**WHAT YOU SHOULD DO**
Images should be left out, and everything else in the listing reproduced exactly.

**INFORMATION SHOWN**
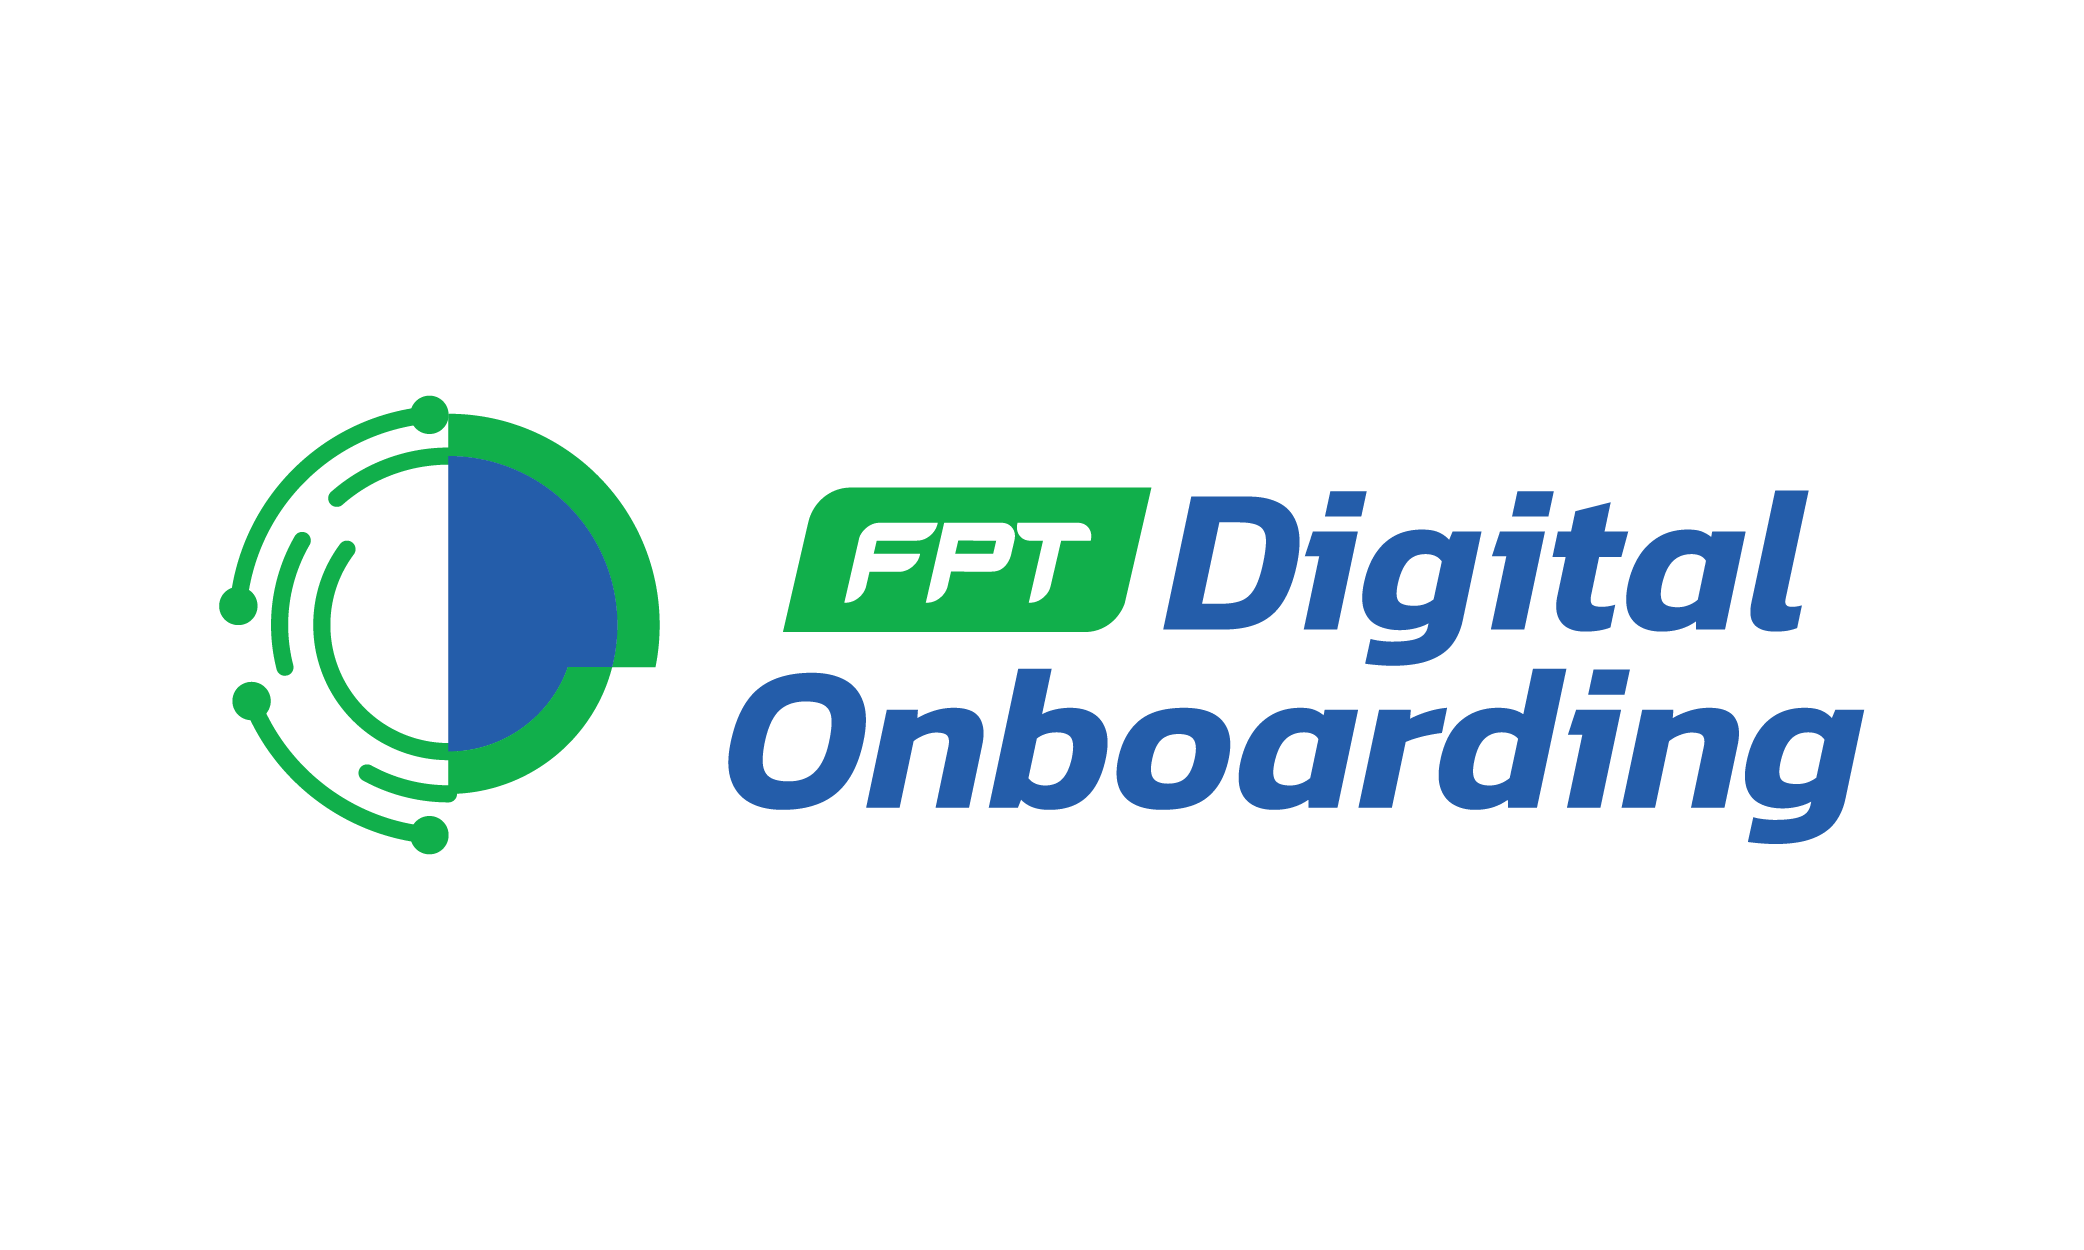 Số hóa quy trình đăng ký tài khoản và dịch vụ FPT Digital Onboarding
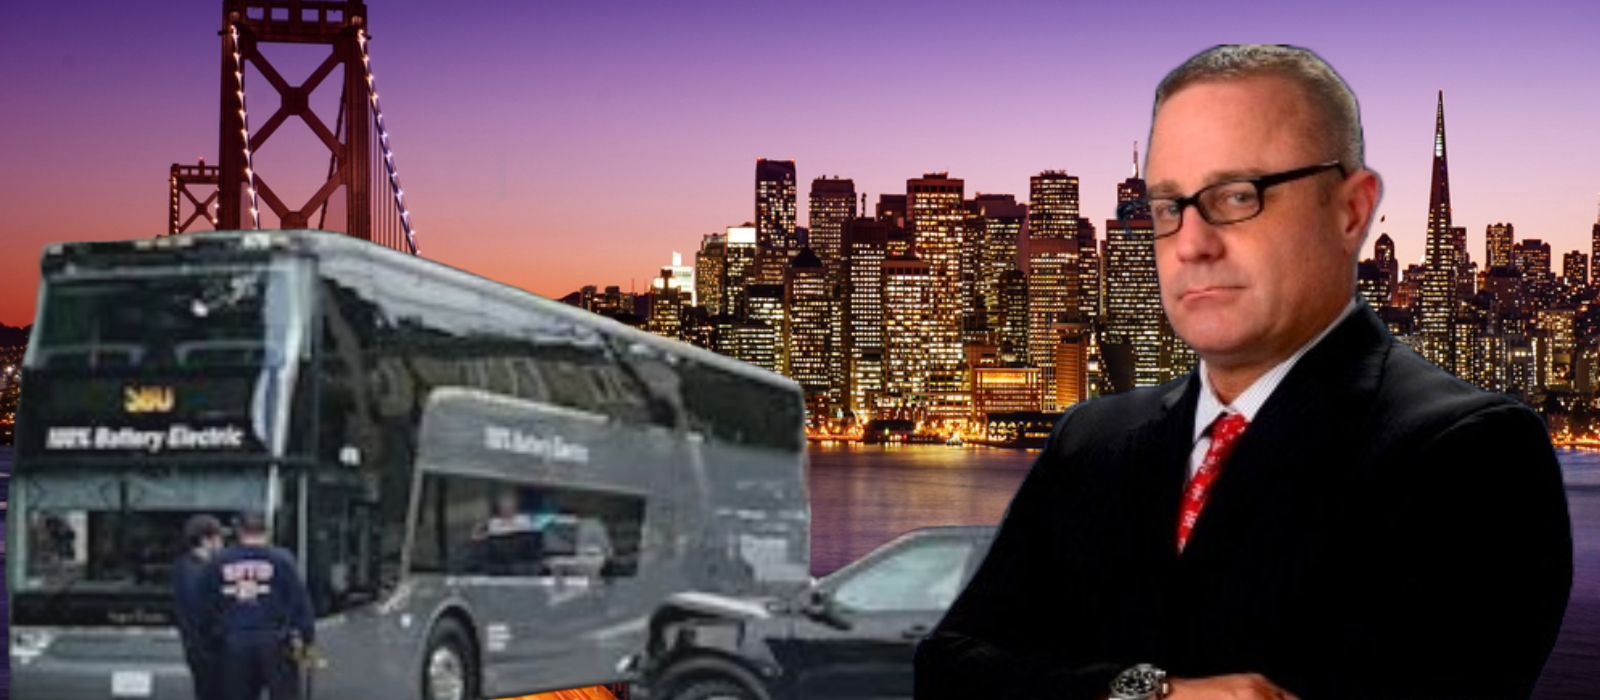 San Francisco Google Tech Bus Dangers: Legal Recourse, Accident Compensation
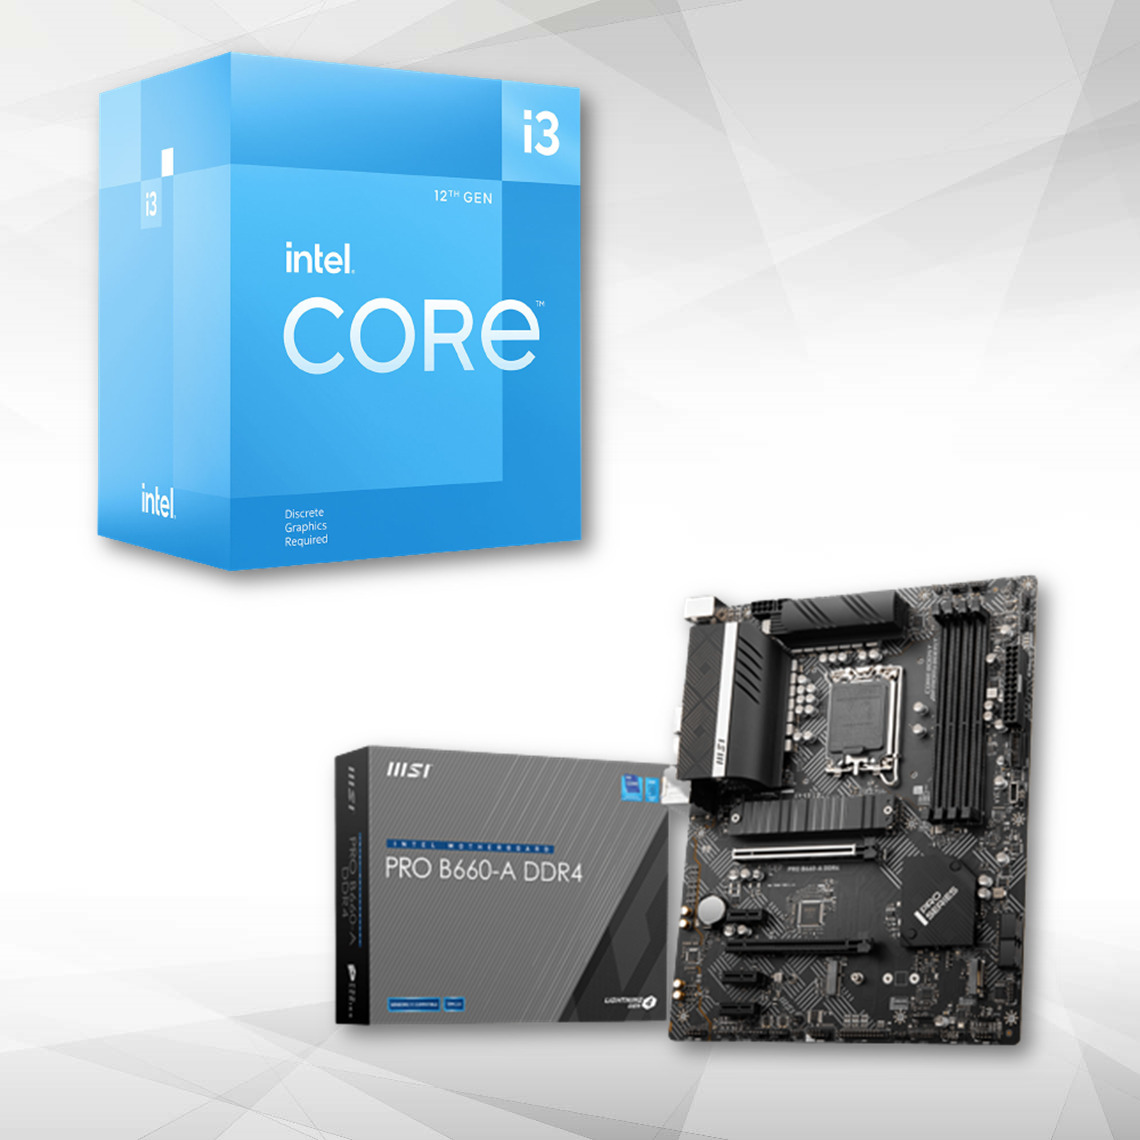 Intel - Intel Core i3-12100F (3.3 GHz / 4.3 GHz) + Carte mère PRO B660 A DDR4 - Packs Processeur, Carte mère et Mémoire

**YOUR RESPONSE**
 Số hóa quy trình đăng ký tài khoản và dịch vụ FPT Digital Onboarding
 San Francisco Google Tech Bus Dangers: Legal Recourse, Accident Compensation
 Intel - Intel Core i3-12100F (3.3 GHz / 4.3 GHz) + Carte mère PRO B660 A DDR4 - Packs Processeur, Carte mère et Mémoire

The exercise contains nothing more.